> _DATASET SECTION_:
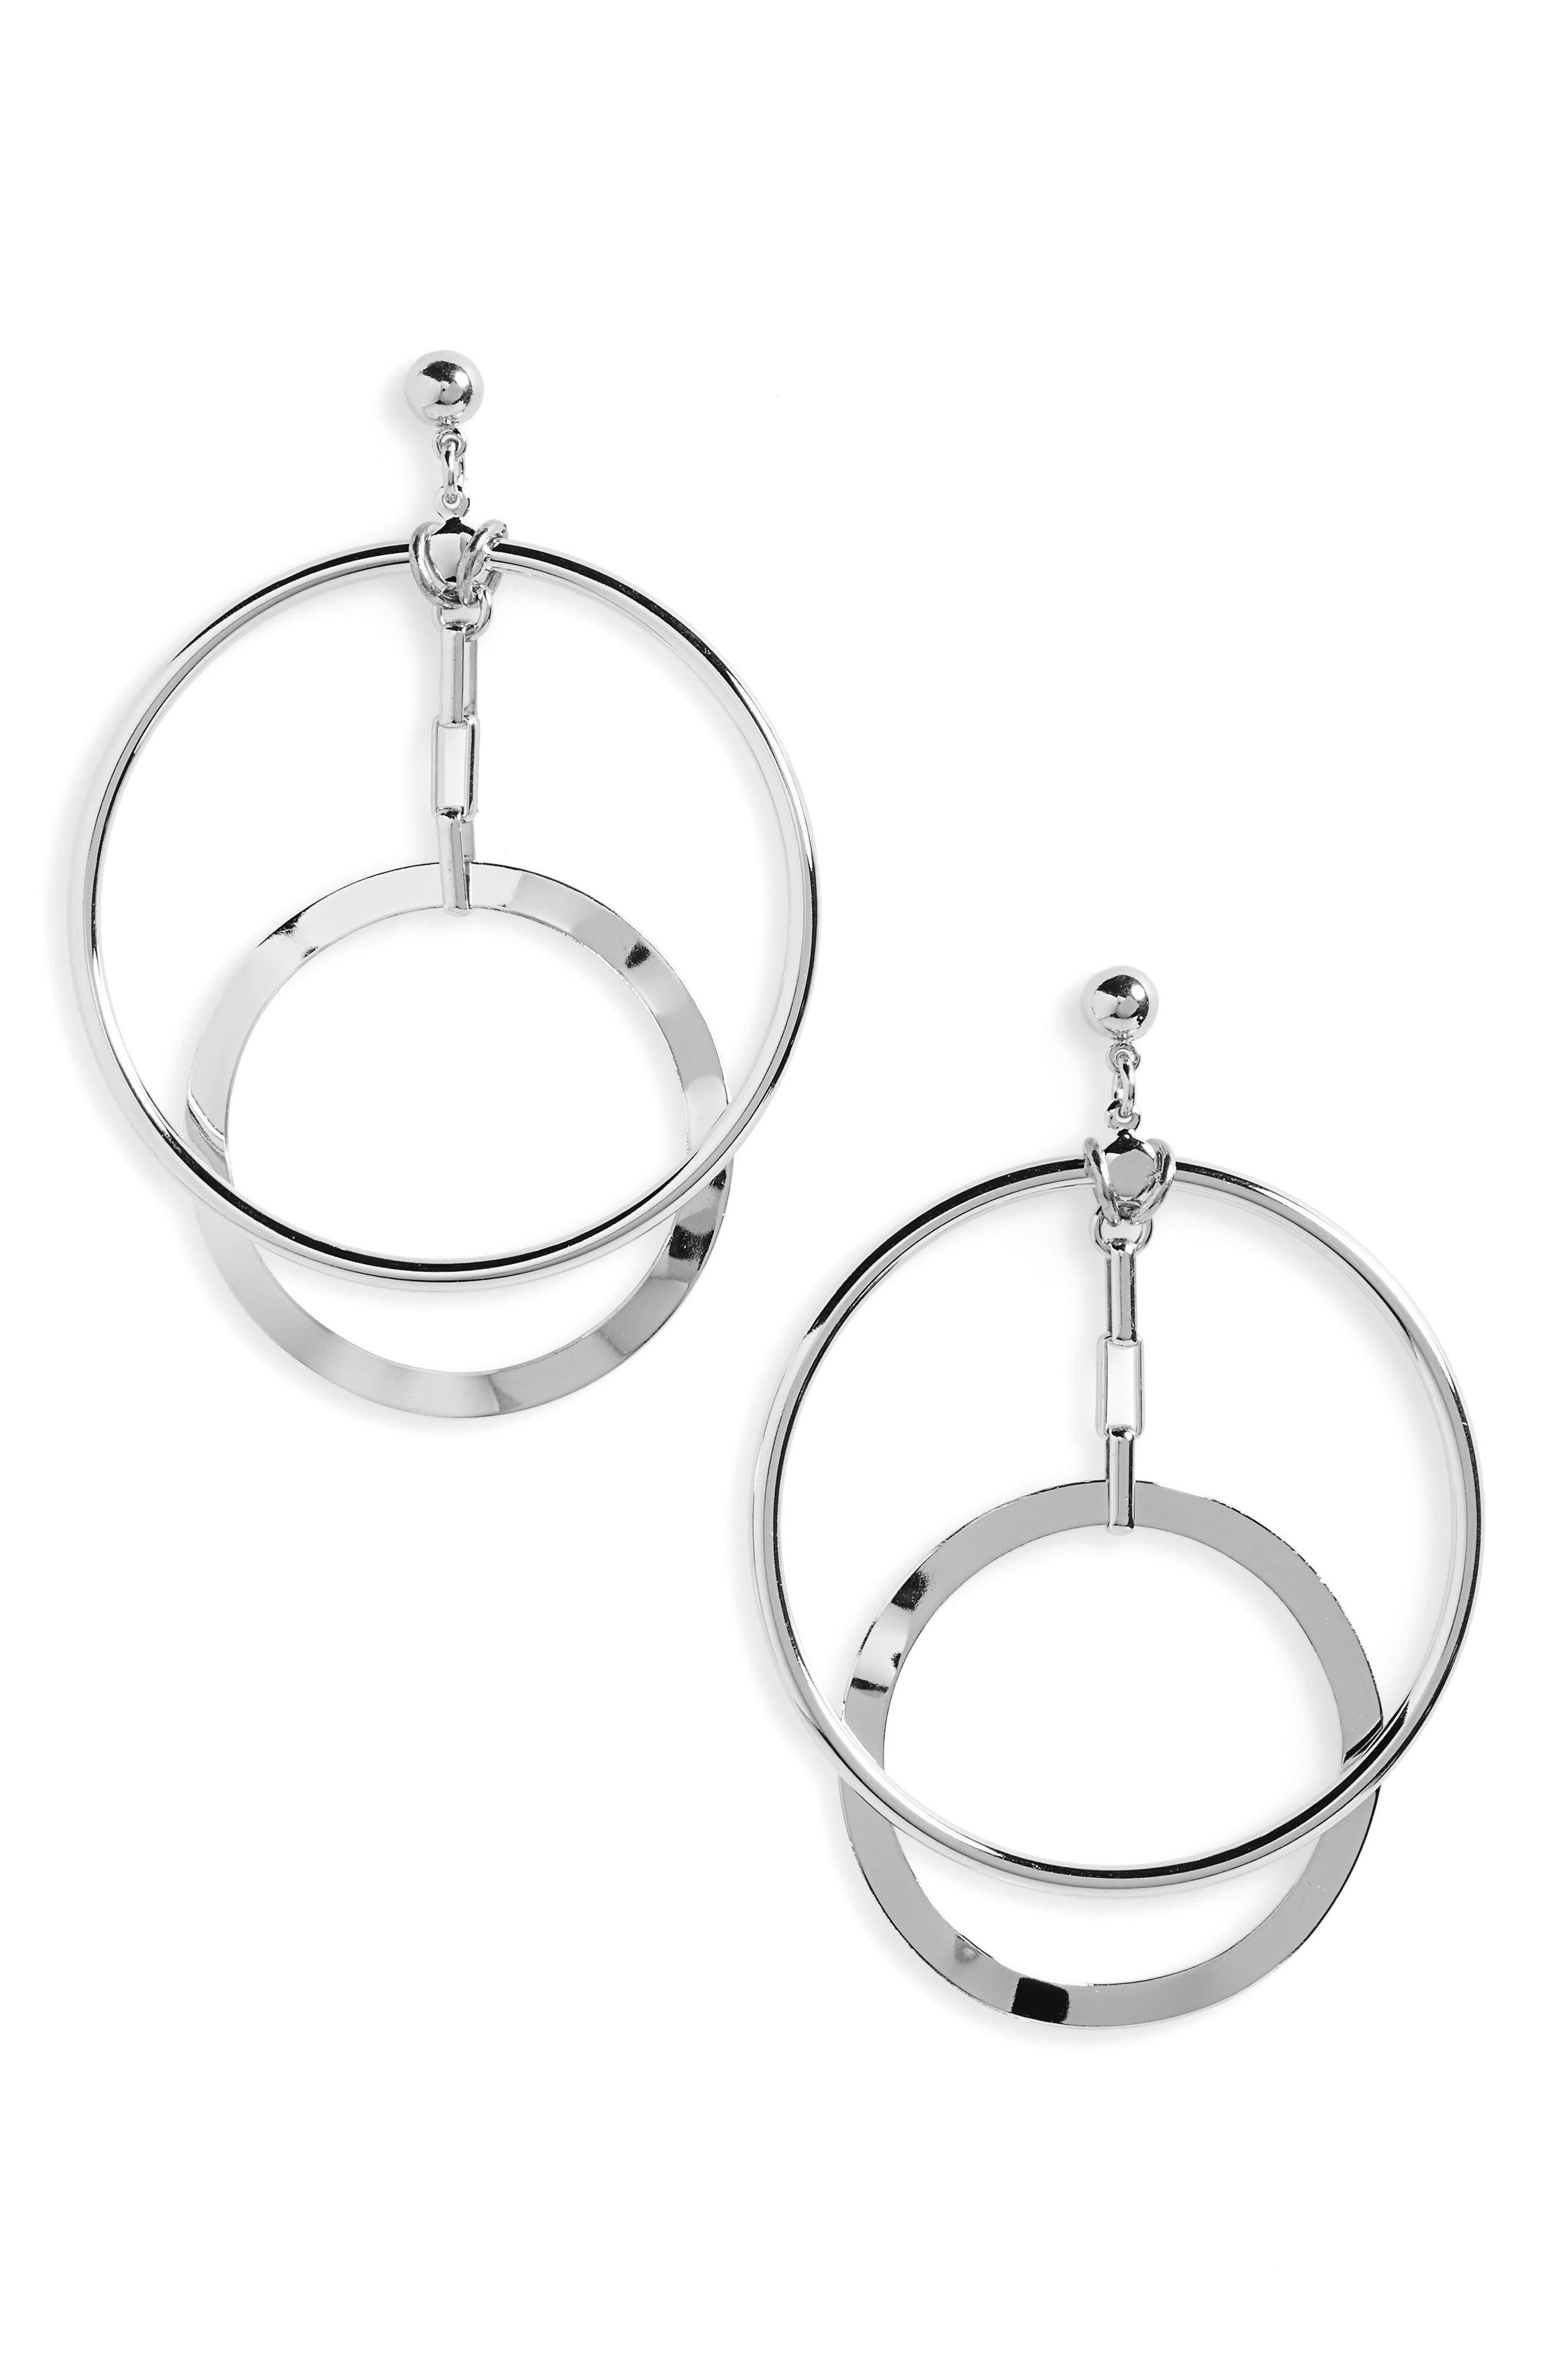 Eclipse Hoop Earrings,                         Main,                         color, Silver
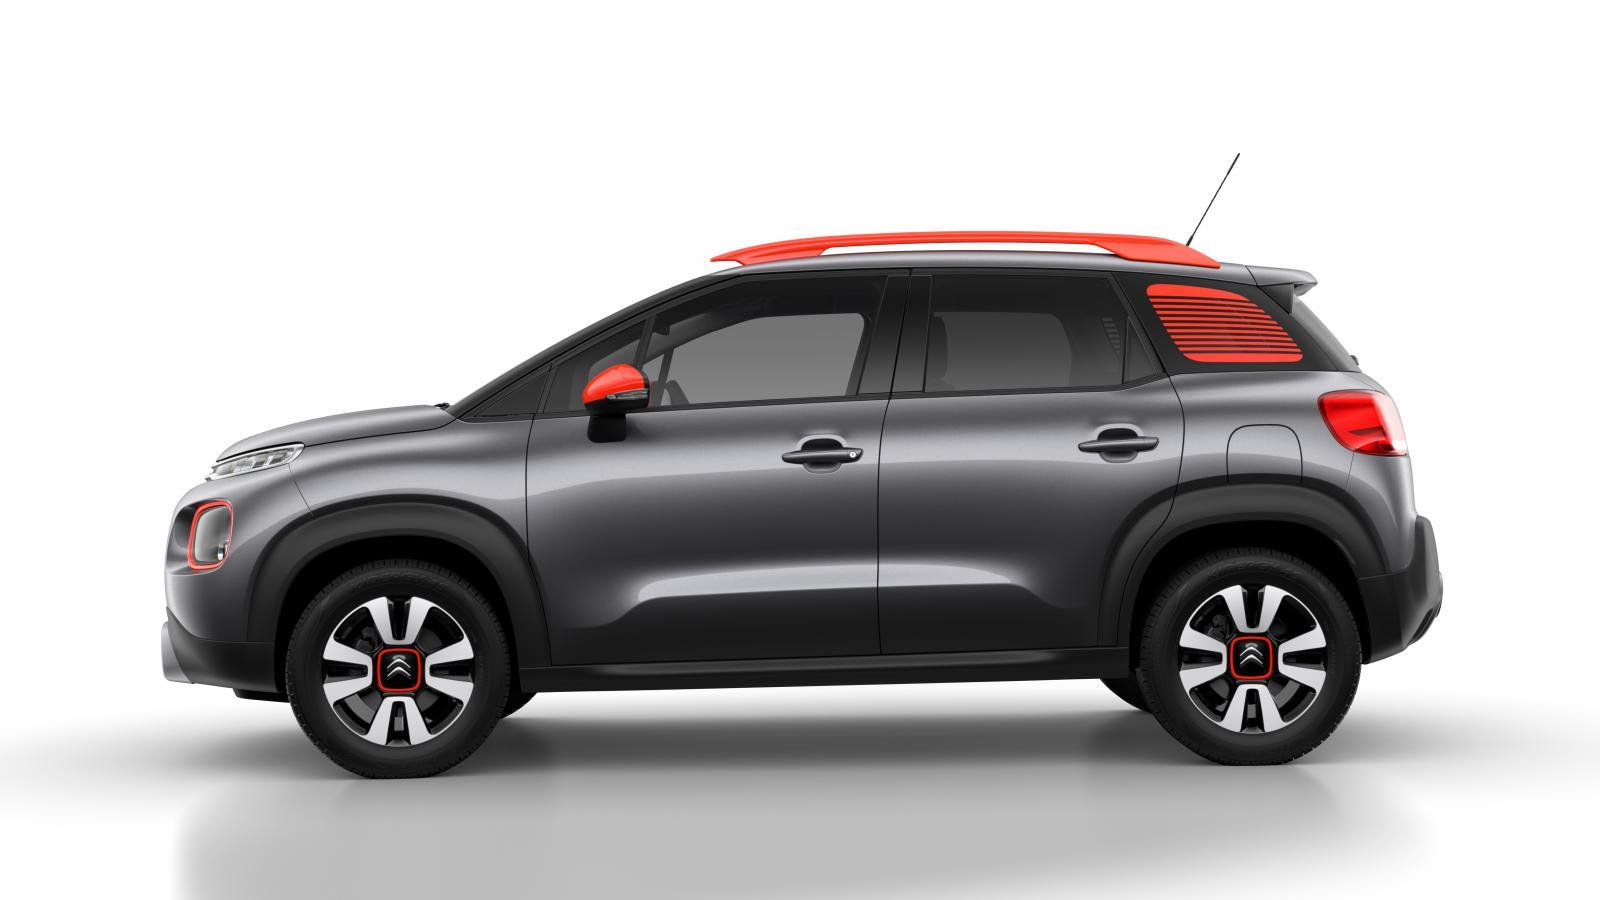 SUV Compact C3 Aircross - Misty Grey
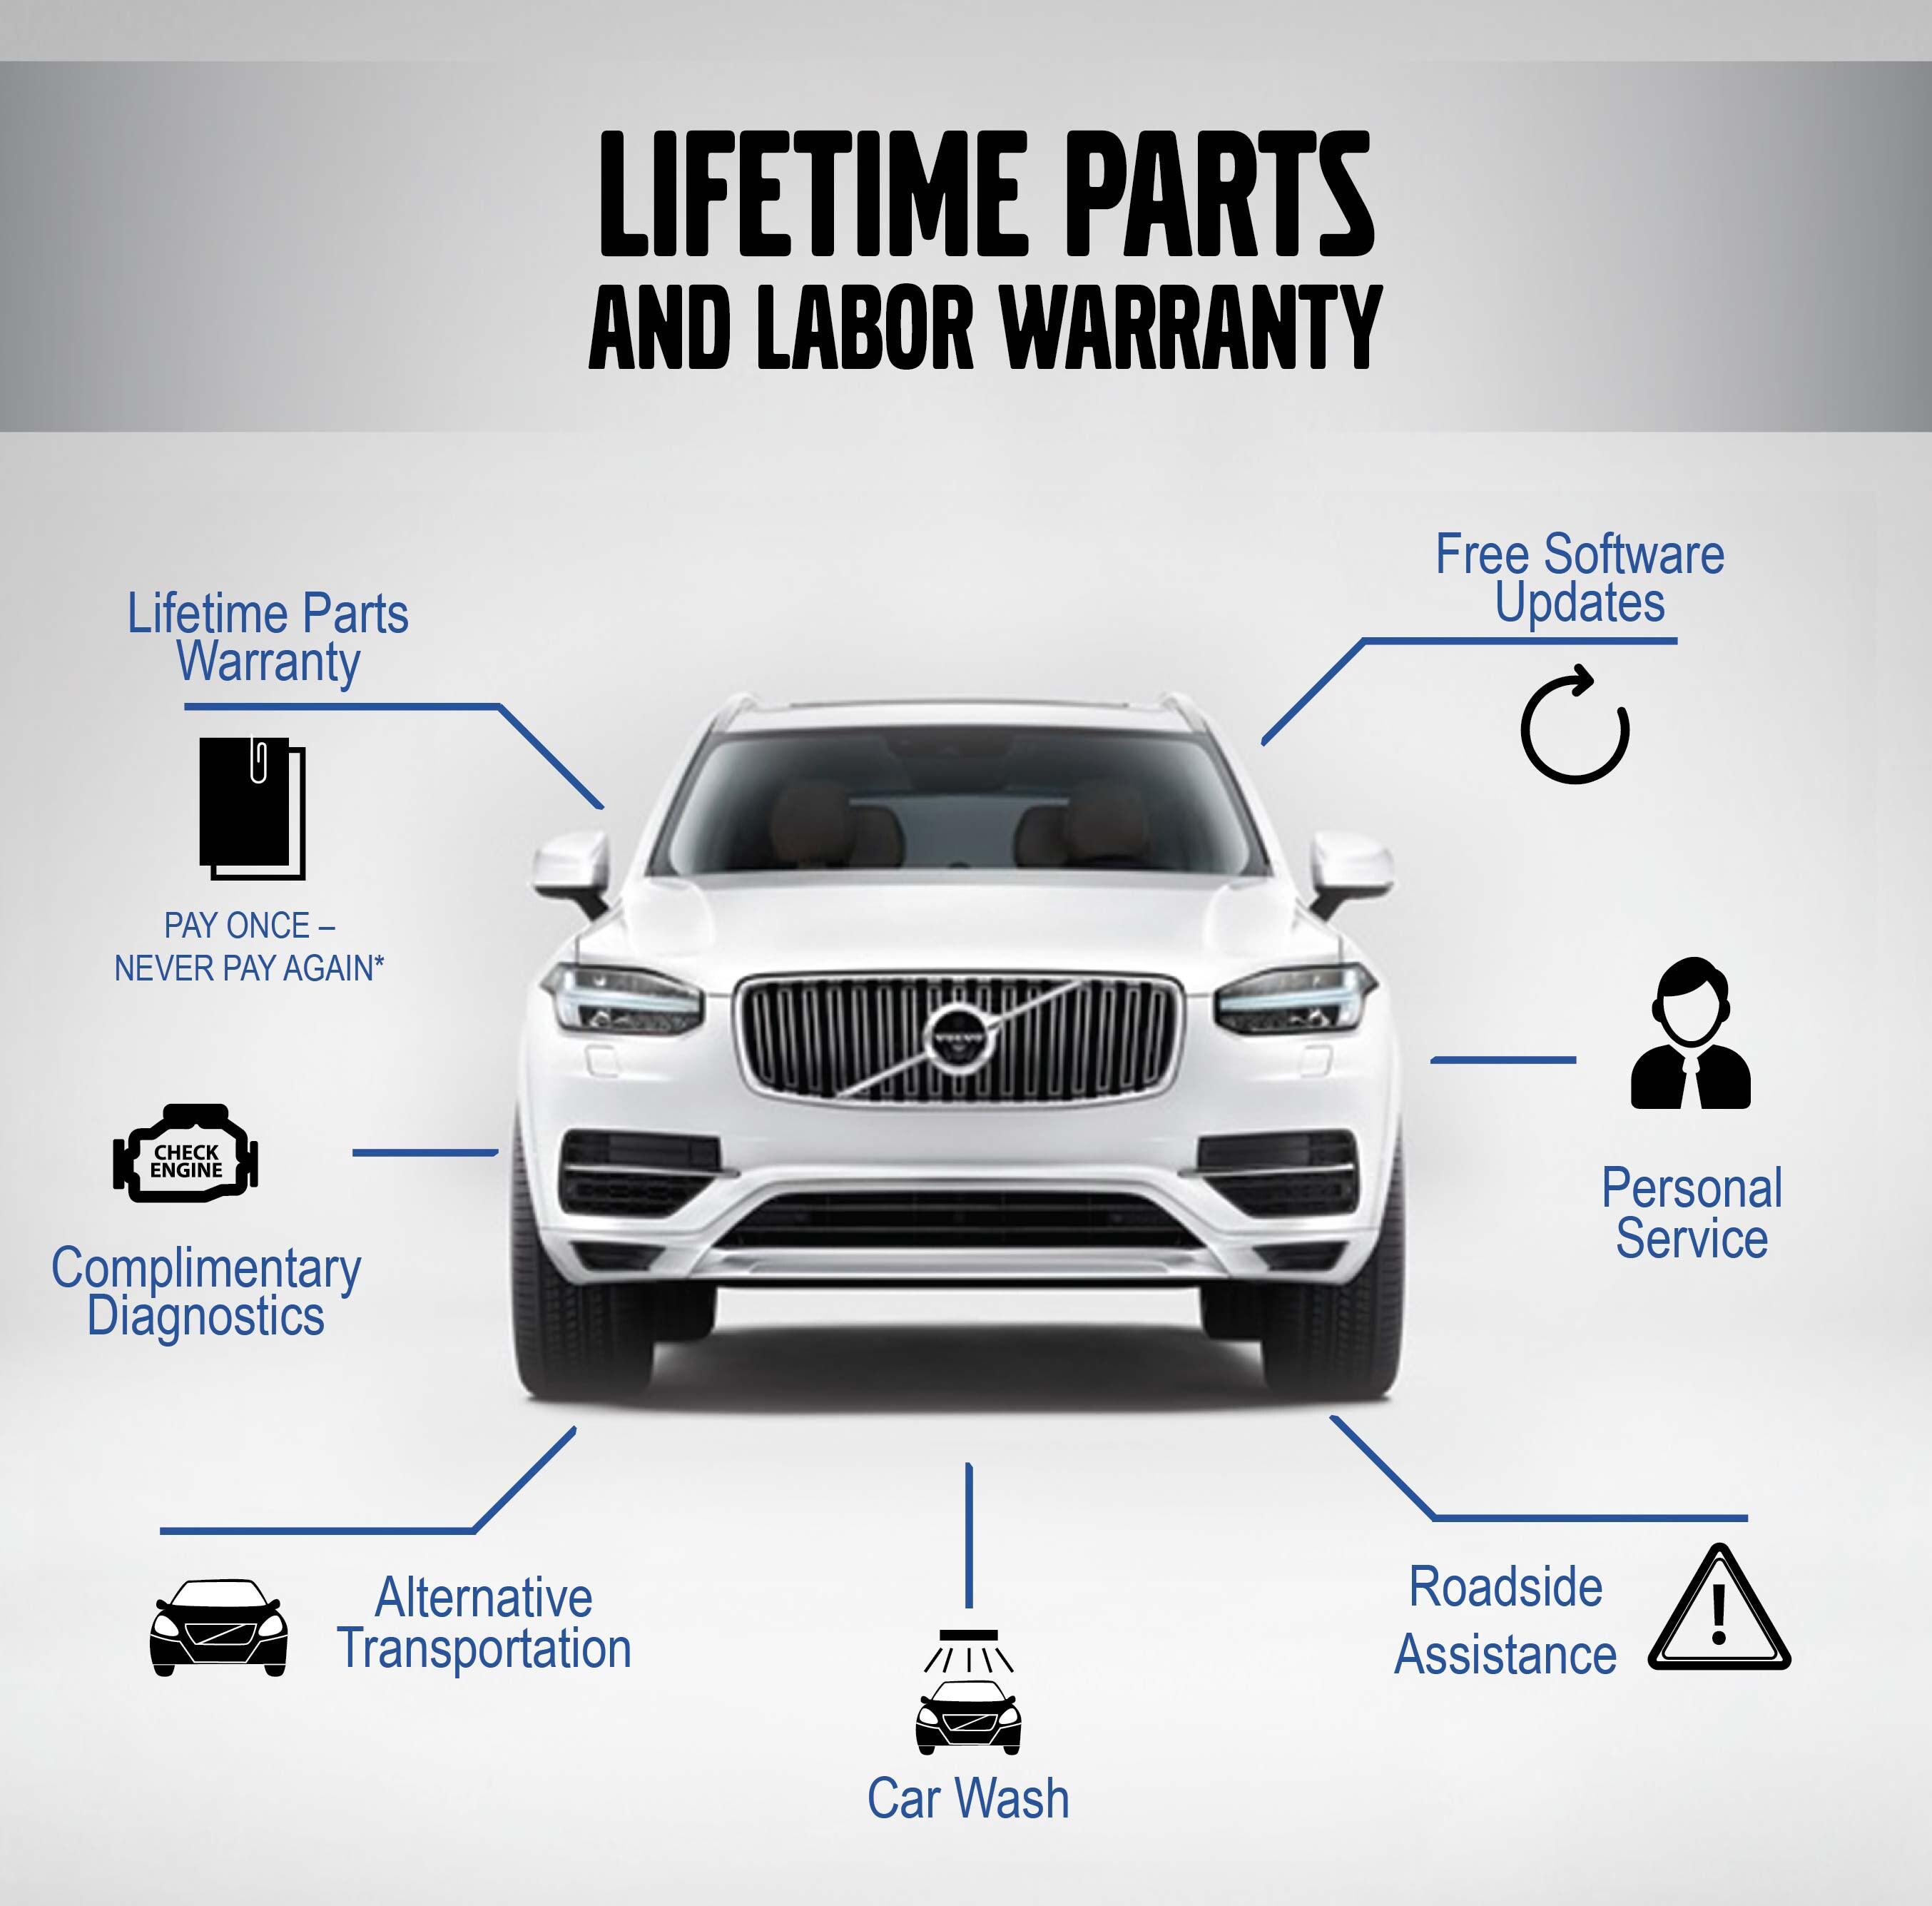 Volvo Repair Orlando: Albany Volvo Parts Specials, Discounts & Coupons At

> _TASK DETAILS_:
In your copy, reproduce the data above exactly and skip every picture.

> _TASK RESULT_:
 Eclipse Hoop Earrings,                         Main,                         color, Silver
 SUV Compact C3 Aircross - Misty Grey
 Volvo Repair Orlando: Albany Volvo Parts Specials, Discounts & Coupons At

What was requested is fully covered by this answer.